Cleanest way to wait for signal and do 'backup' long polling

Hello,

I am trying to move a process from a long running polling activity (that could take multiple days to complete), to a “push”/signaling process. The external process we’re polling is now getting the capability to signal us when the task is complete.
But they cannot fully guarantee the delivery of the signal, however in most cases it should be able to, but I would like to have a “backup” polling mechanism that will go back to doing very slow polling in case delivering the signal failed.

I was thinking of taking this approach:

  • create selector
  • add signal to selector
  • add timer to selector (10 min timer)
  • if timer fires:
    • start slow polling activity
      • slow polling activity will do single poll, and if process is not complete, will return an error so it gets retried later
    • add polling activity future to selector
    • wait in selector again
  • when select() exits again, either we received a signal with response, or the polling activity has completed or exhausted its retries and failed

Partial code:

func executeAction() (exec) {
	s := workflow.NewSelector(ctx)
	var exec [...]
	respChannel := workflow.GetSignalChannel(ctx, ...)

    // in most cases, this is where the response will be sent, and within less than a second
	s.AddReceive(respChannel, func(c workflow.ReceiveChannel, more bool) {
		c.Receive(ctx, &exec)
	})

	resp, systemErr := ExecuteActivityLaunchAction(ctx, &steprunnerpb.LaunchActionRequest{RunActionRequest: activityReq})
    // [handle errors and such]

	startPolling := false
	s.AddFuture(workflow.NewTimer(ctx, 10*time.Minute), func(f workflow.Future) {
		// start polling action after 10 minutes
		startPolling = true
	})

waitSelect:
	s.Select(ctx)

	if startPolling {
		startPolling = false
        // the polling activity will do a quick polling req, and return an err if the action isn't finished so that it gets retried later (like 10 min later)
		f := ExecuteActivityPollActionAsync(ctx, pollReq)
		
		s.AddFuture(f, func(f workflow.Future) {
			err := f.Get(ctx, &exec)
            // handle errors and such
		})


		goto waitSelect
	}

    return exec, nil

The advantages are: we only start polling if a signal delivery somehow failed or an action is very long running (98% of actions typically complete within less than a second).
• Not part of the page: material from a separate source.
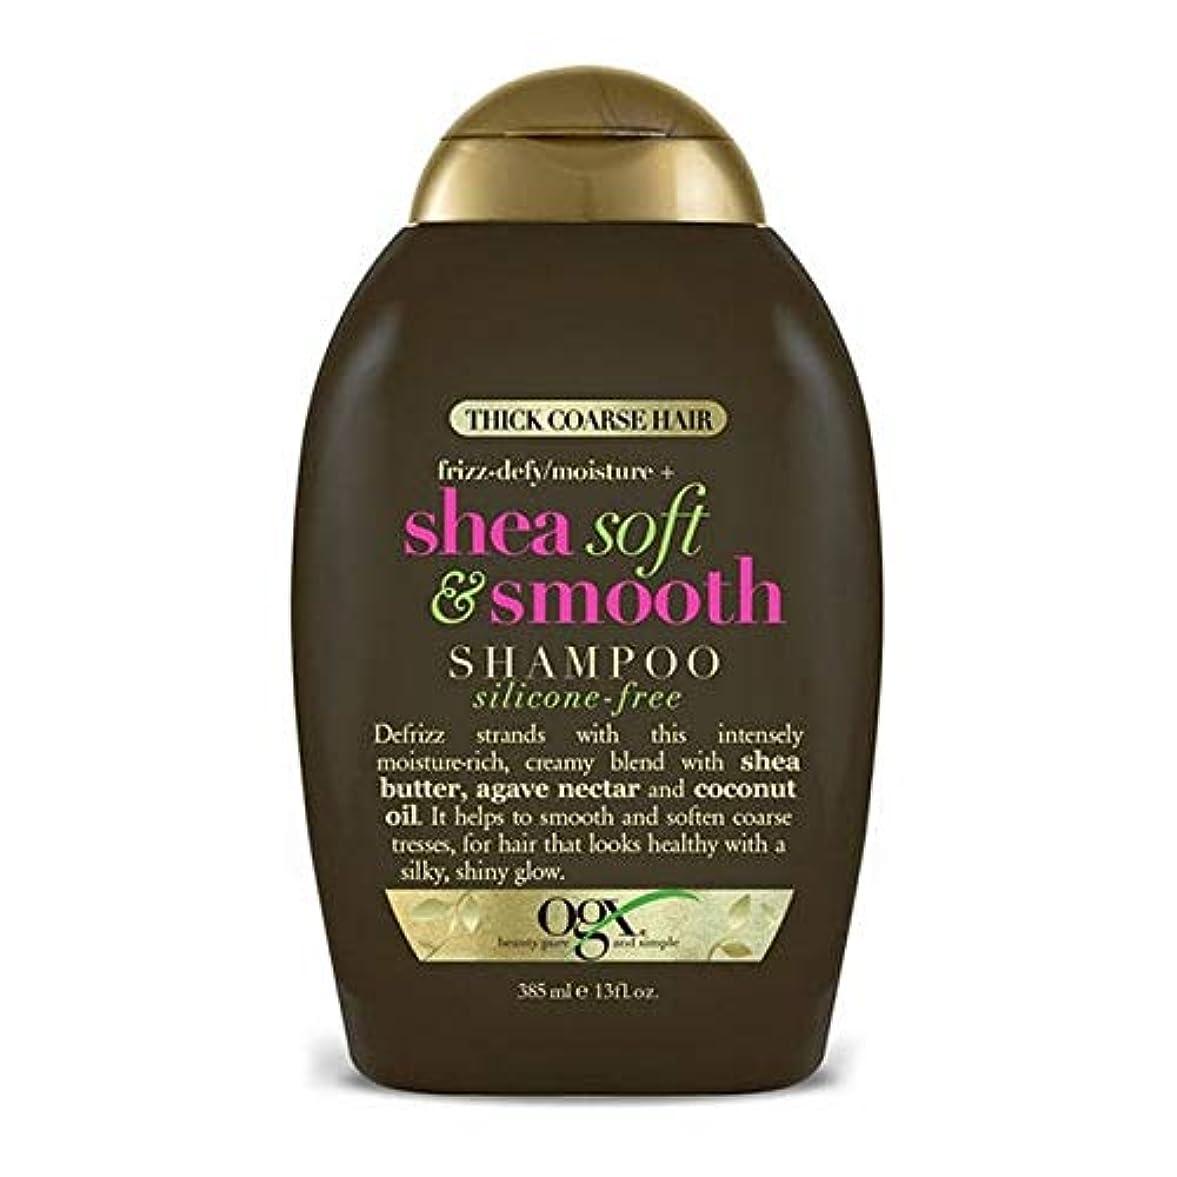 写真を描く社員ライバル[Ogx] Ogxシリコンフリーシアソフトで滑らかなシャンプー385ミリリットル - OGX Silicone-Free Shea Soft and Smooth Shampoo 385ml [並行輸入品]

In a case of normal short action run, there is almost no overhead other than the startPolling timer.
And the advantage of getting rid of the previous long running “active” polling activity is there was the possibility that we accumulate these long running active polling activities and run out of available activity slots (we had a few close calls). And that the “push” notification approach makes our system more responsive.

Is this expected to work? I am currently getting an error “cannot chain Future that wasn’t created with workflow.NewFuture” and I cannot tell if I’m doing something fundamentally wrong, or if it’s an issue of some wrappers that we have on top of the SDK.
Are there other better approaches that still get us the advantage of having low overhead for most executions?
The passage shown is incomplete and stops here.